Проф. А. Карташев в вопросе о единстве Церкви и ее границах придерживался позиции, близкой к теории ветвей. Он полагал, что реальное, хотя и незримое, единство всех христианских конфессий уже существует, – это единство, нуждается лишь в видимом, внешнем выявлении. «Воссоединение церквей, – пишет он, – должно быть выявлением и конкретным воплощением в видимости уже существующего незримо единства Церкви» (А. В. Карташев. Соединение церквей в свете истории // Христианское воссоединение. С.107). Таким образом православие не следует считать единственной Церковью, а только, может быть, самой «лучшей Церковью» среди других Церквей. Каждая Церковь, которая сохраняет ненарушенное апостольское преемство и питающая своих чад евангельской истиной, есть, по мнению Карташова, видимая часть невидимой в своем глубинном единстве Единой, Святой, Кафолической и Апостольской Церкви. При этом он подчеркивает, что и протестантские общины, сохранившие таинство крещения во имя Святой Троицы, продолжают вводить своих членов в лоно единой невидимойЦеркви Христовой. Поэтому христианское воссоединение не должно рассматриваться как присоединение к Православной Церкви. Чаемое единство невозможно без покаяния со стороны всех без исключения конфессий, возможно только, что у православия грехов меньше, чем у других.

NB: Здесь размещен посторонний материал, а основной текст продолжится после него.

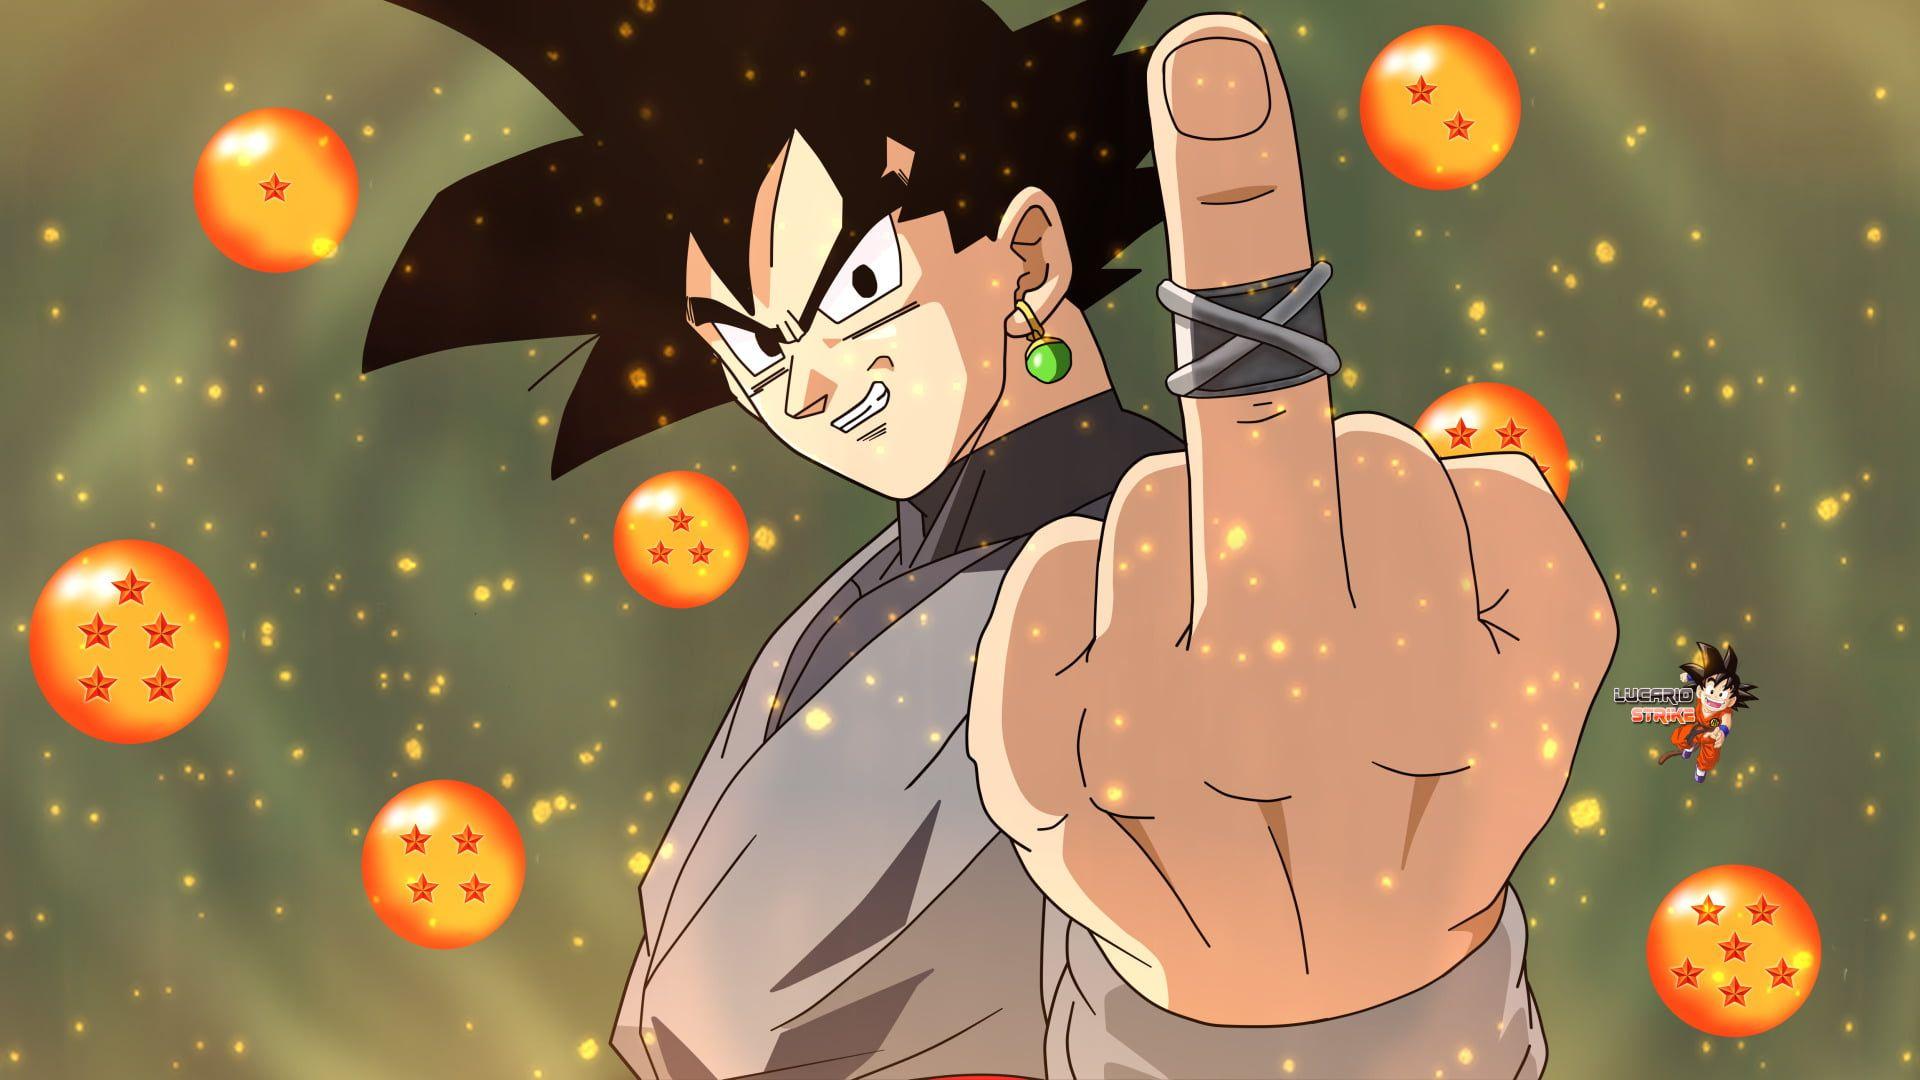 Dragon Ball Z Son Goku Dragon Ball Dragon Ball Super Black Goku 1080p Wallpaper Hdwallpaper Desktop In 2020 Goku Wallpaper Dragon Ball Wallpapers Goku Black
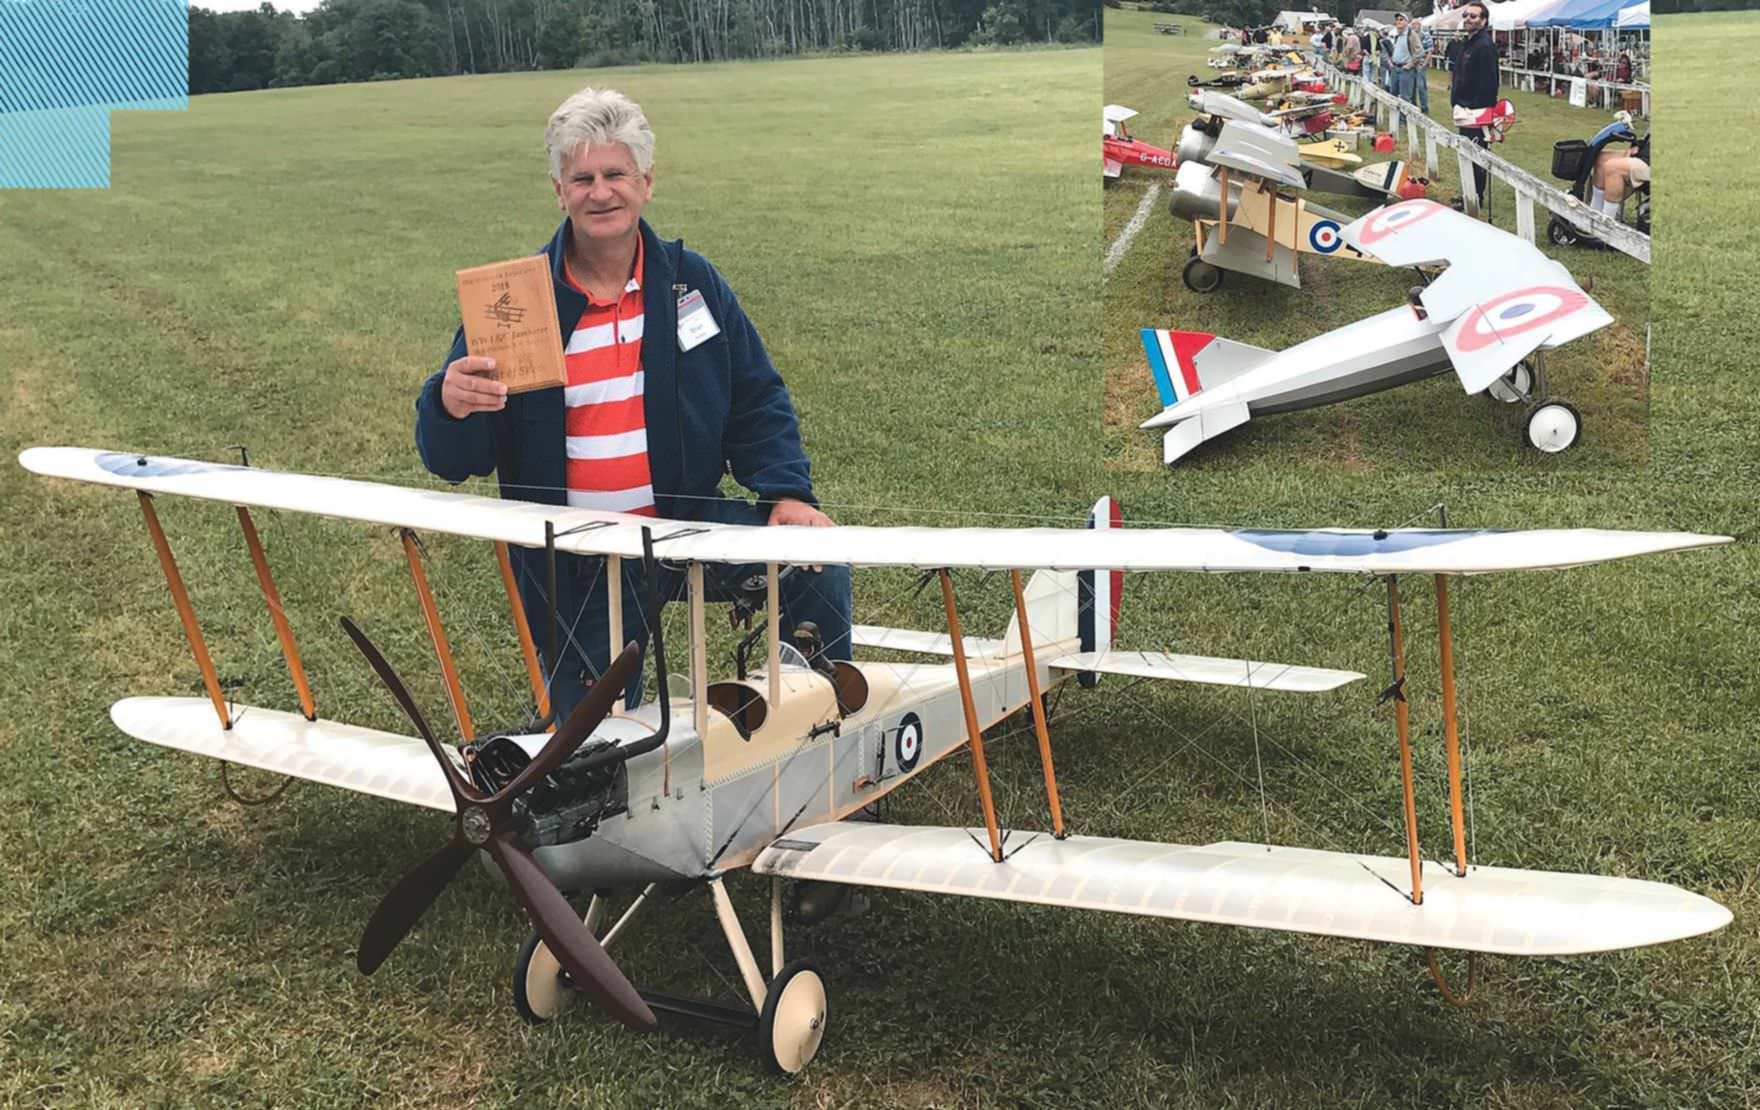 Winners At The Old Rhinebeck Aerodrome Jamboree

Сходную позицию занимал и Николай Зернов, высказывавшийся против развиваемого Булгаковым взгляда на соединение Церквей, как постепенного «оправославливания» всего христианского мира. Зернов исходил при этом из абсолютной невозможности обрести какой-либо внешний непогрешительный критерий истинной церковности: «Все попытки найти формальный, осязаемый, раз навсегда и для всех данный критерий для определения истинной Церкви, и ее внешних границ, обречены на неудачу, ибо Церковь делает Церковью Дух Святой, а не какое-либо историческое и контролируемое людьми начало» (Зернов Н. М. Православие и англиканство // Путь. № 43. 1934. С. 58).
Прот. Василий Зеньковский также рассматривает вопрос о Г. Ц. с точки зрения «широкого взгляда». Принадлежность к Телу Христову он связывает с крещением, совершенным во имя Пресвятой Троицы. (Зеньковский Василий, прот. Апологетика. Париж, 1957). Православие, по его мнению, не является единственным обладателем Христовой истины, – абсолютная истина присутствует во всех христианских исповеданиях. Спасение для каждого христианина возможно преимущественно в той Церкви, к которой он изначально принадлежит.
На принципиально иных позициях в данном вопросе стоял прот. Георгий Флоровский. Он не отождествлял сакраментальные и сотериологические Г. Ц. с каноническими границами вселенского православия, однако при этом был убежден, что теория церковных ветвей, которая слишком благодушно изображает раскол христианского мира, с православной точки зрения, принята быть не может. По его мнению, граница, отделяющая Православную Церковь от инославия вполне реальна, в христианском мире нет не только внешнего, но и внутреннего единения (Флоровский Георгий, прот. 2000. С. 169).
В статье «О границах Церкви» (1934 г.) Флоровский признает как несомненный факт, «что есть случаи, когда самим образом действия Церковь дает понять, что таинства значимы и в расколах, даже у еретиков, – что таинства могут совершаться и вне собственных канонических пределов Церкви» (Флоровский Георгий, прот. 2000. С. 160). Вообще, Церковь как мистический организм и таинственное Тело Христово не может быть описана адекватно на языке канонов. На основании церковной практики приема еретиков и схизматиков можно засвидетельствовать только, что канонический разрыв не приводит к немедленному «мистическому опустошению и оскудению» (Там же. С. 160-161).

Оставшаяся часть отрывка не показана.